農業からは切り離せない問題として農薬がある。農薬を必要悪とするのかなんてことを考えたこともない。読者に問題を認識させるには、非常にすぐれた作品だが、物語として描かれると、なんだか焦点がアチコチ飛んでいるような気がしてならない。短編からの発展系としての面白さはある。

■ストーリー

農薬散布中のラジコンヘリが小学生の集団に墜落する事故が発生。重い中毒症状に苦しむ子どもたちを目の当たりにした世論は、農薬の是非のはざまで揺れることに。その間隙を縫い、農薬を必要としない遺伝子組み換え食品を推進するアメリカの巨大企業と、日本の食品の買い占めを目論む中国……。

■感想
農薬散布中の事故で、子供が中毒症状を起こす。農薬の恐怖というのを、普段はほとんど実感することがないので、強烈なインパクトがある。農薬がこれほど人に害を及ぼすのかと驚いた。
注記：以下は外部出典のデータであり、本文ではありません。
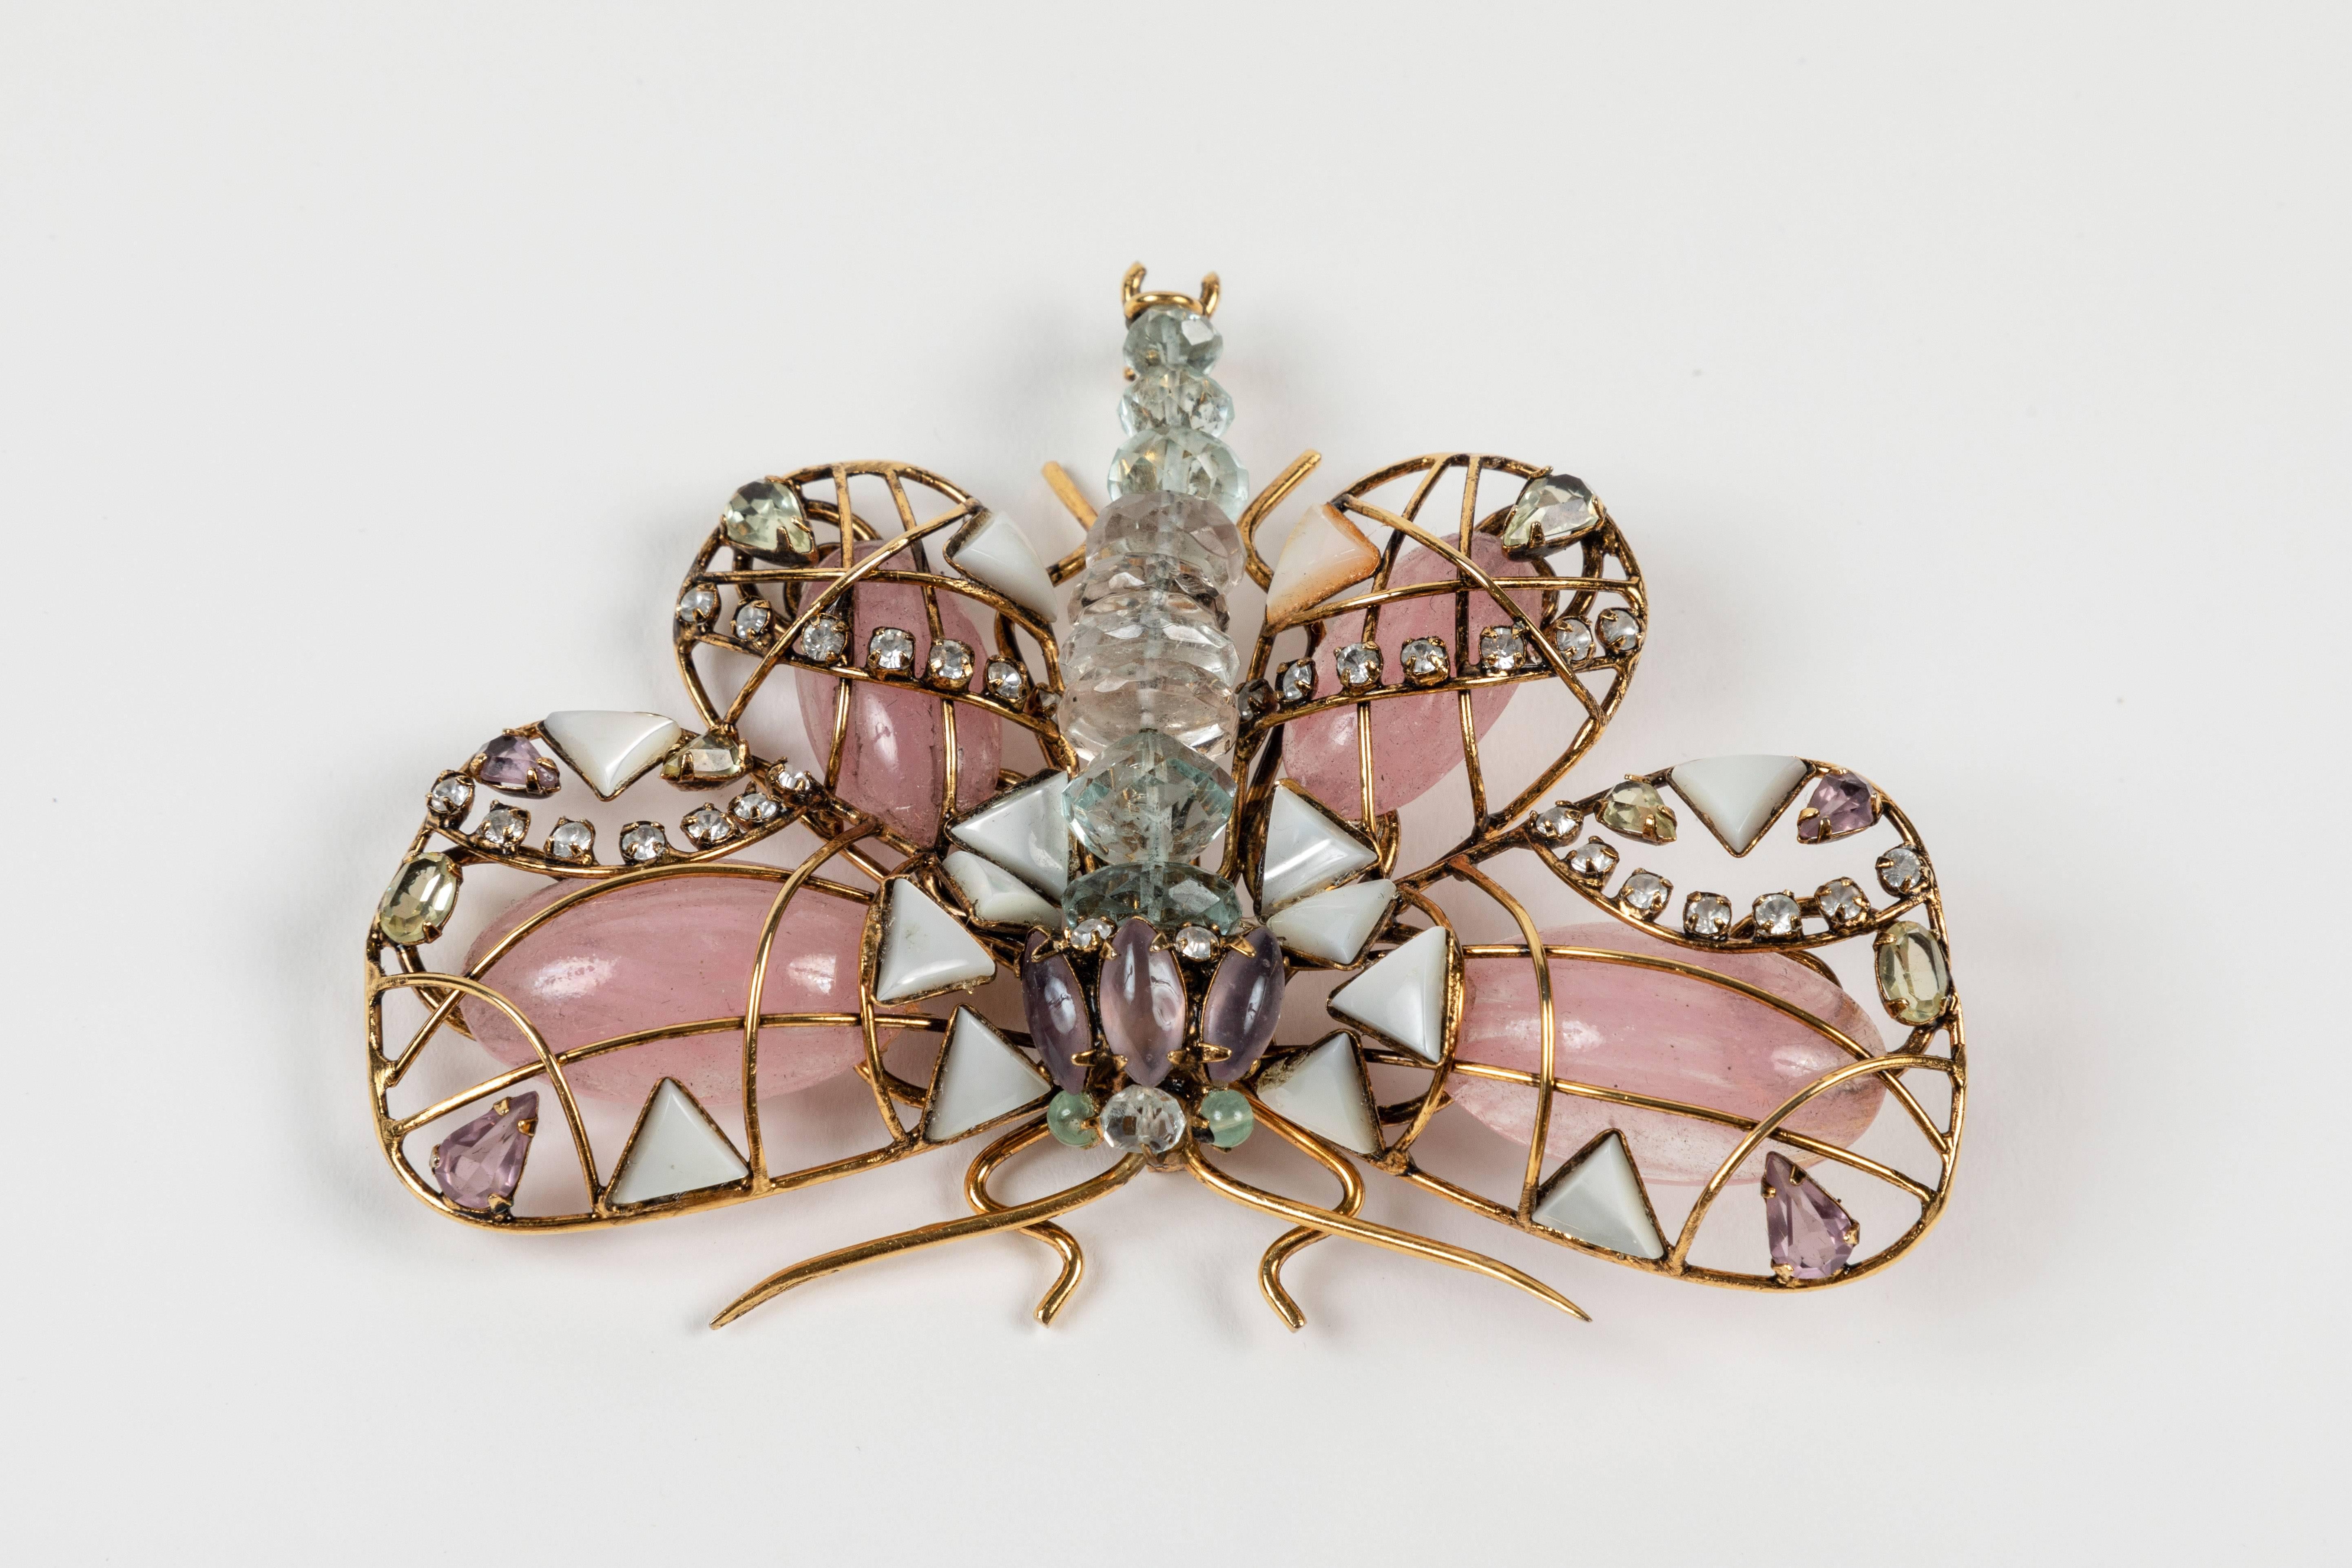 Large and impressive butterfly brooch featuring wings of Rose Quartz, Mother of pearl, and Amethyst and a body of Aquamarines.  All set in a gilt metal frame.  Signed on the reverse and including the original tag.  A real beauty!
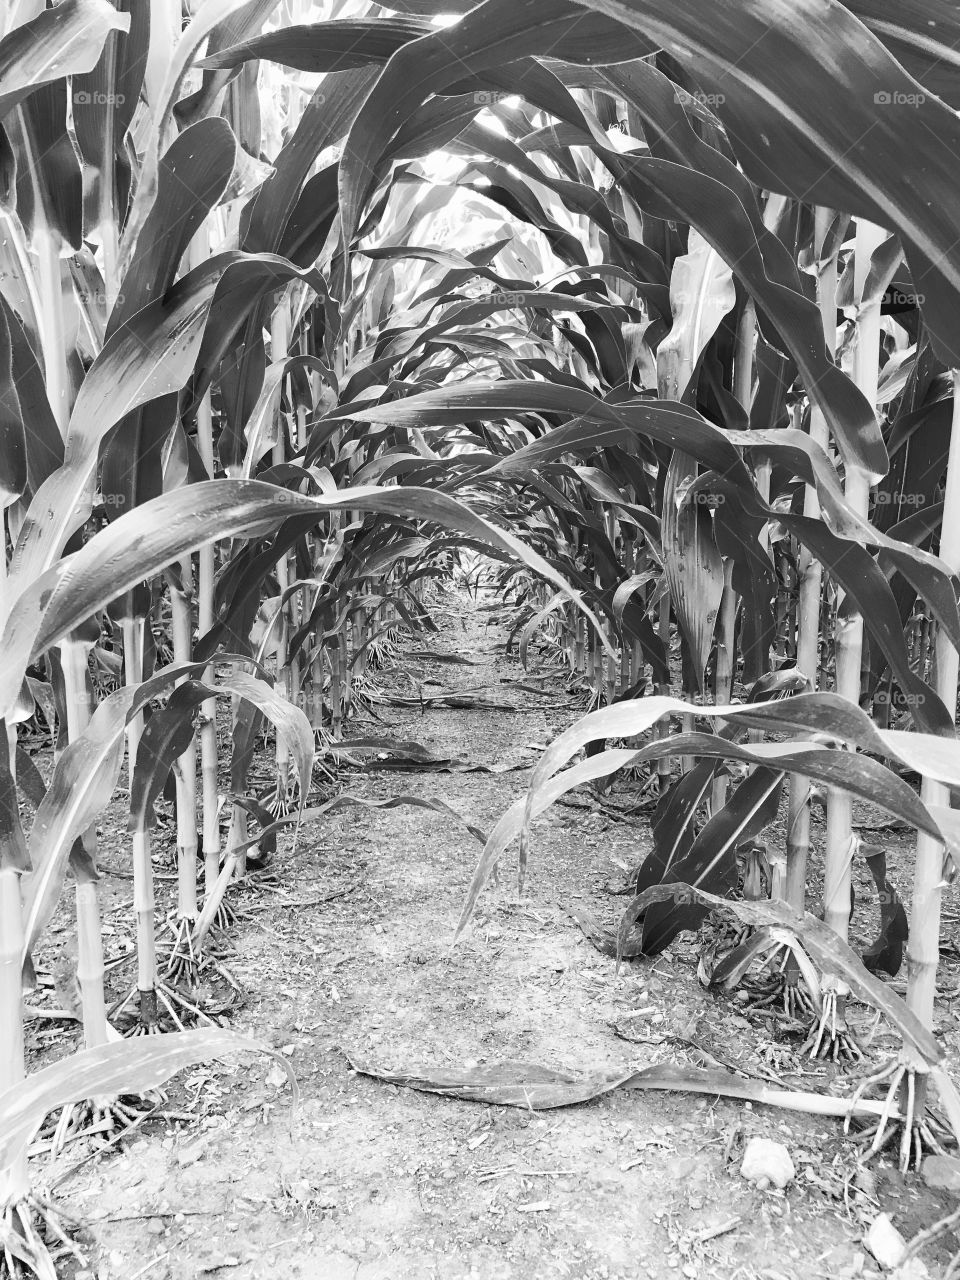 If crops were devoid of color

普段口にする野菜や米には農薬が欠かせないものとなっている。

農薬を必要悪とすること自体、作中では拒否感を示している。農薬のせいでミツバチに影響がでており、農薬を害悪としようとする勢力。そして、農薬にとってかわる存在として、遺伝子組み換え食品がある。様々な要素で農薬を排除する手段が描かれている。

作中では農薬の問題とそれに起因するミツバチの話。そして、遺伝子組み換え食品と続いている。それとは別に政治家や農水省、そして外資系の勢力など、権力闘争も描かれている。農薬に焦点が当てられているのかと思いきや、そこまで農薬が悪だという流れとはならない。

急先鋒の養蜂家であっても、農薬を悪く言いすぎた、とトーンダウンしてしまう。農薬を完全になくすことは不可能なため、途中から明らかに流れが変わっている。世界規模の食糧危機を見越した遺伝子組み換え食品へと物語は流れている。

農薬会社の社員が主人公だが、農水省の官僚や、短編で登場した個性的な官僚まで登場し、将来的な日本の食糧危機について描かれている。地球規模では食料と水が今後不足していくのは明らからしい。となると、金がある国だけが豊富な食料を手にすることができる。

食料自給率が低い日本だからこそ、世界に食糧危機が訪れたときどうなるのか。遺伝子組み換え食品を無くすことはできない。人間にどのような害があるのかわからない。ジレンマを抱えながら農薬や遺伝子組み換え食品を使うしかないのが現状なのだろう。

短編で生み出された題材を長編化したということなのだろう。